Книга Последнее лето - Константин Симонов
Шрифт:
Интервал:
Закладка:
Люди в городе и сейчас живут. И встречали, и красные флаги, оказывается, сохранили. Группа партизан прошла по улицам с оружием и красным знаменем. И женщины вылезли из подвалов, и дети. И слезы были, и объятия. И бедная хлеб-соль откуда-то взялась – испекли каравай из муки с лебедой. Командир дивизии расплакался и от этой хлеб-соли и от женских слез, когда передавали ему тот каравай на полотенце. Такие слезы – как зараза. Серпилин и сам это почувствовал, когда худая, как жердь, плачущая старуха обняла его и, не считаясь с тем, что он спешил, три раза медленно поцеловала, поворачивая за голову к себе, как будто он не генерал, а блудный сын.
Стоя у крыльца, Серпилин повернулся на скрип тормозов. Из «виллиса» выскочил куда-то ездивший по приказанию Батюка его адъютант Барабанов. Серпилин мельком видел его много раз, но вот так, вплотную, столкнулся впервые. И впервые заметил, как постарел и похудел Барабанов; кожа так туго облегала скулы, словно ее перестало хватать.
Барабанов козырнул, хотел пройти мимо, к командующему, но Серпилин остановил его:
– Что с тобой, Барабанов, болеешь?
– Болею. Язва открылась.
– Надо в госпиталь.
– Пока могу, терплю. Запить боюсь, если из-за этой язвы опять в госпиталь.
– Почему же запить?
– Я себя знаю, товарищ генерал, – сказал Барабанов.
Серпилин вдруг почувствовал себя не то чтобы виноватым перед этим человеком, – нет, виноватым он себя не считал, но, раз столкнул случай, хотел, чтоб между ними не оставалось такого, чего не должно оставаться между людьми на войне.
– Не хочу, чтобы ты был на меня в обиде, Барабанов.
Барабанов поднял глаза, до этого смотрел себе под ноги.
– Аттестат его вдове, как вам обещал, высылаю. Считал бы, что вы не правы, не стал бы этого делать. – И попросил: – Разрешите пройти?
С крыльца, прихрамывая, спустился Львов, кивнул Серпилину, сел в свою высокую, нескладную «эмку» с двумя ведущими осями и уехал.
Когда Серпилин зашел обратно, Батюк еще сидел за столом, а Барабанов докладывал ему, – оказывается, ездил по его приказанию за орденами. Батюк хотел прямо здесь, в Могилеве, вручить ордена и медали тем солдатам и офицерам, которые взяли в плен двух немецких генералов.

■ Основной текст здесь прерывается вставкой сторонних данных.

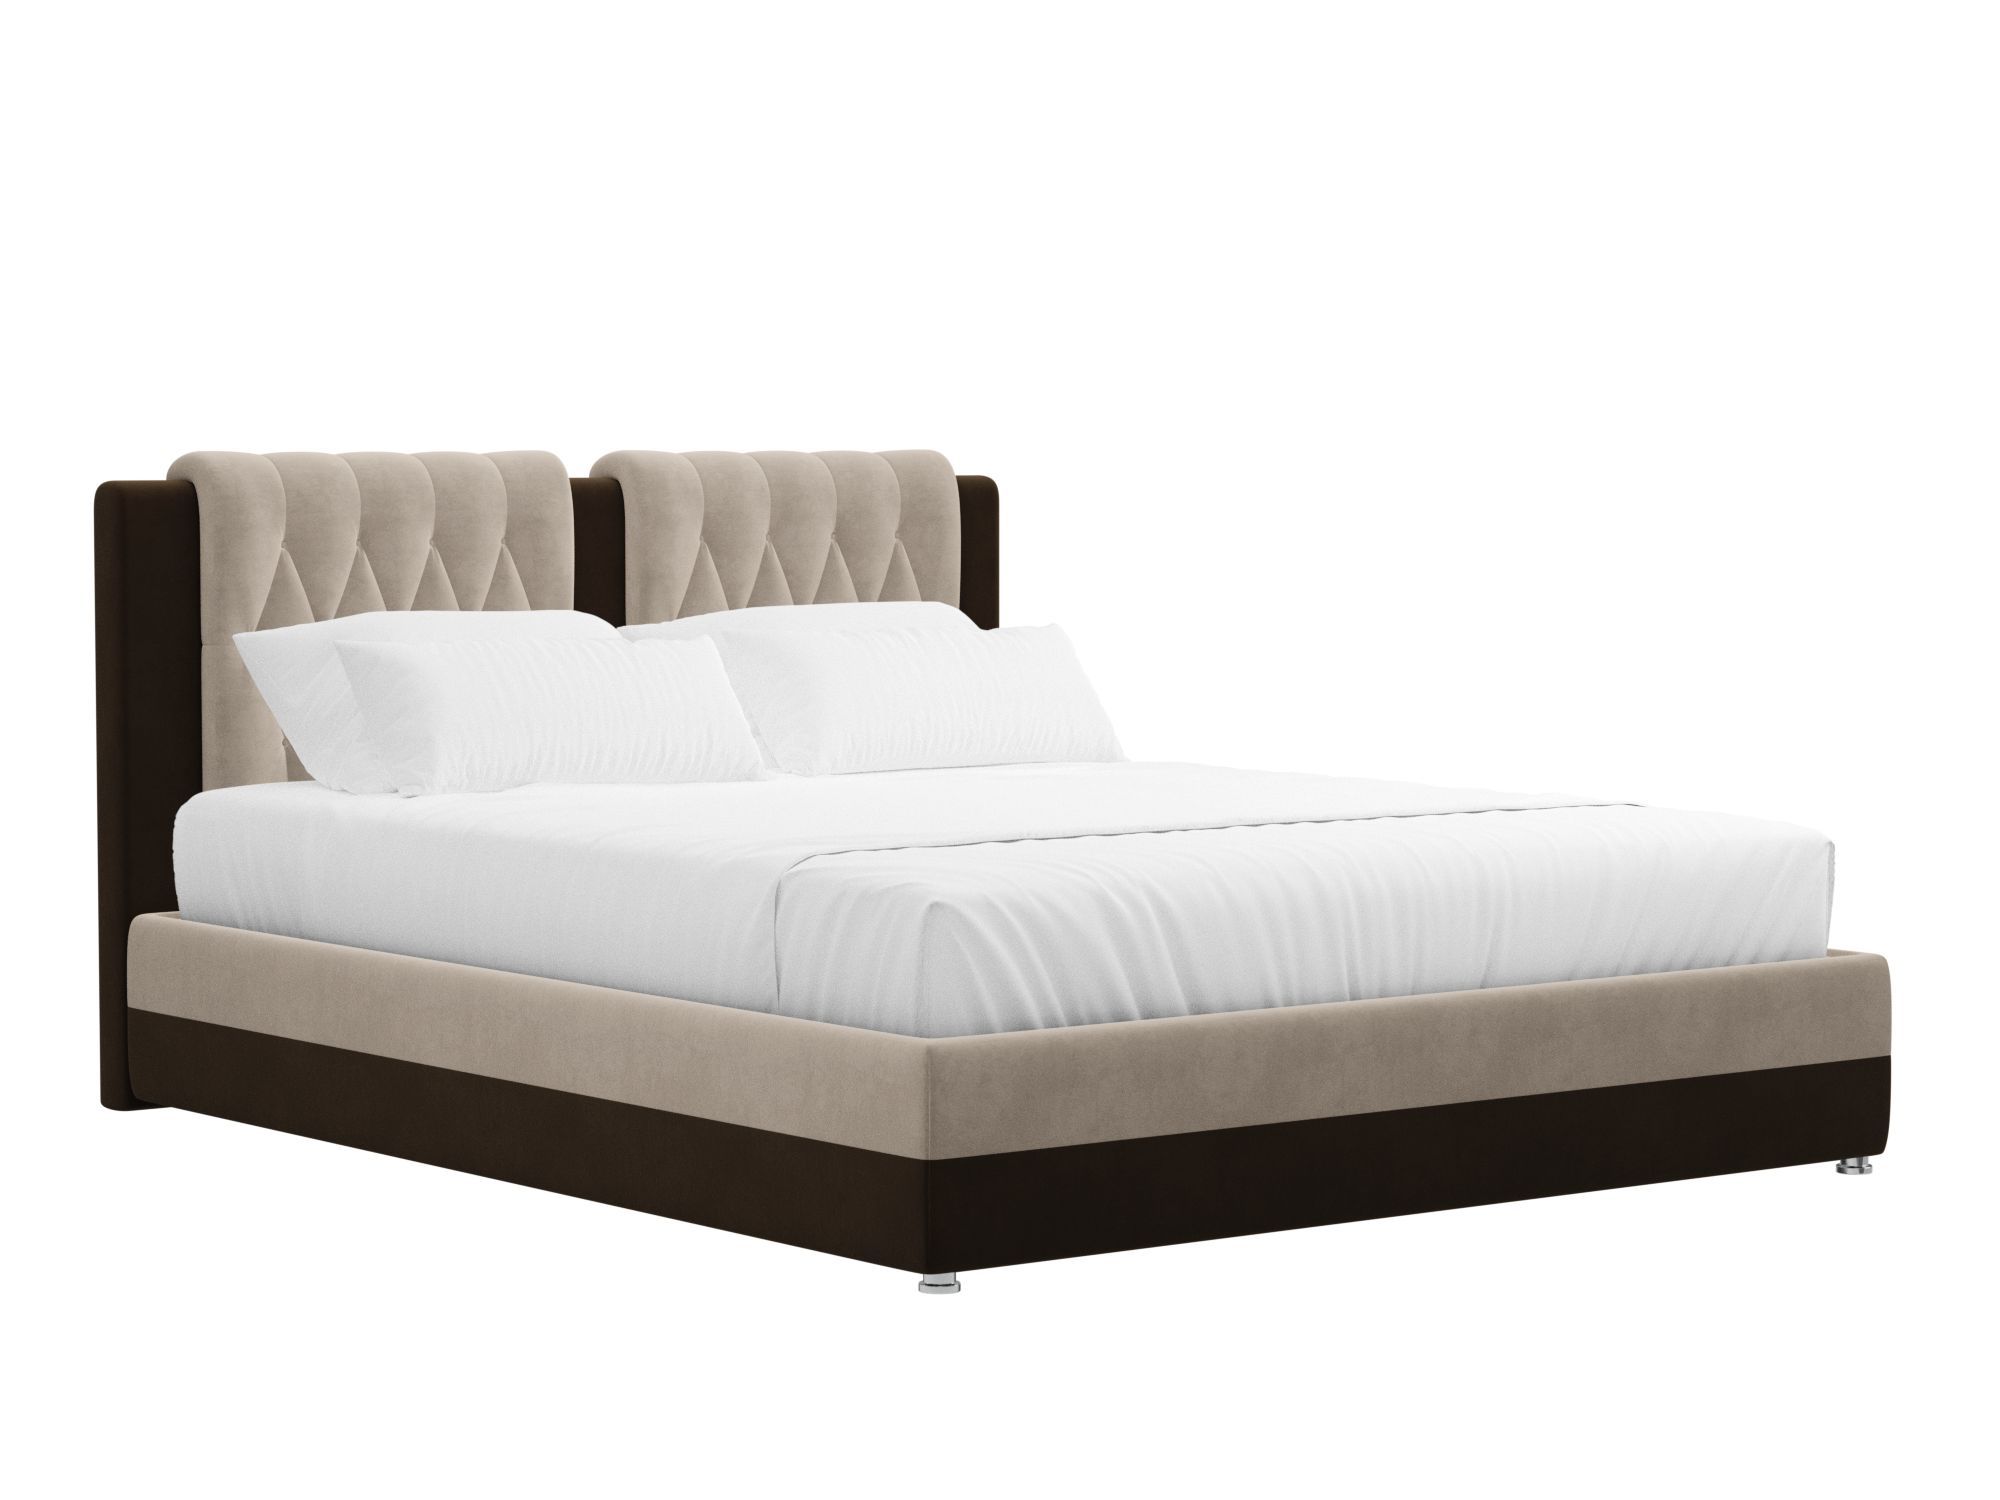 Кровать Камилла (160x200) Бежевый, Коричневый, ЛДСП интерьерная кровать артмебель камилла микровельвет бежево коричневый

– А реляцию к завтрему оформим, – вставая, сказал Батюк. И уже уезжая, наверно, потому, что ехал награждать, заговорил о своем сыне, воевавшем на Ленинградском фронте: – Про сына по ВЧ сегодня позвонили. Оказывается, второй раз ранен. Мы с тобой двадцать третьего только еще начинали, а его как раз в тот день под Мусталахти, уже за Выборгом, осколком в руку. Вторично в строю остался и медаль «За отвагу» получил. Он здоровый у меня, штангист. До войны на третьем курсе у Лесгафта учился.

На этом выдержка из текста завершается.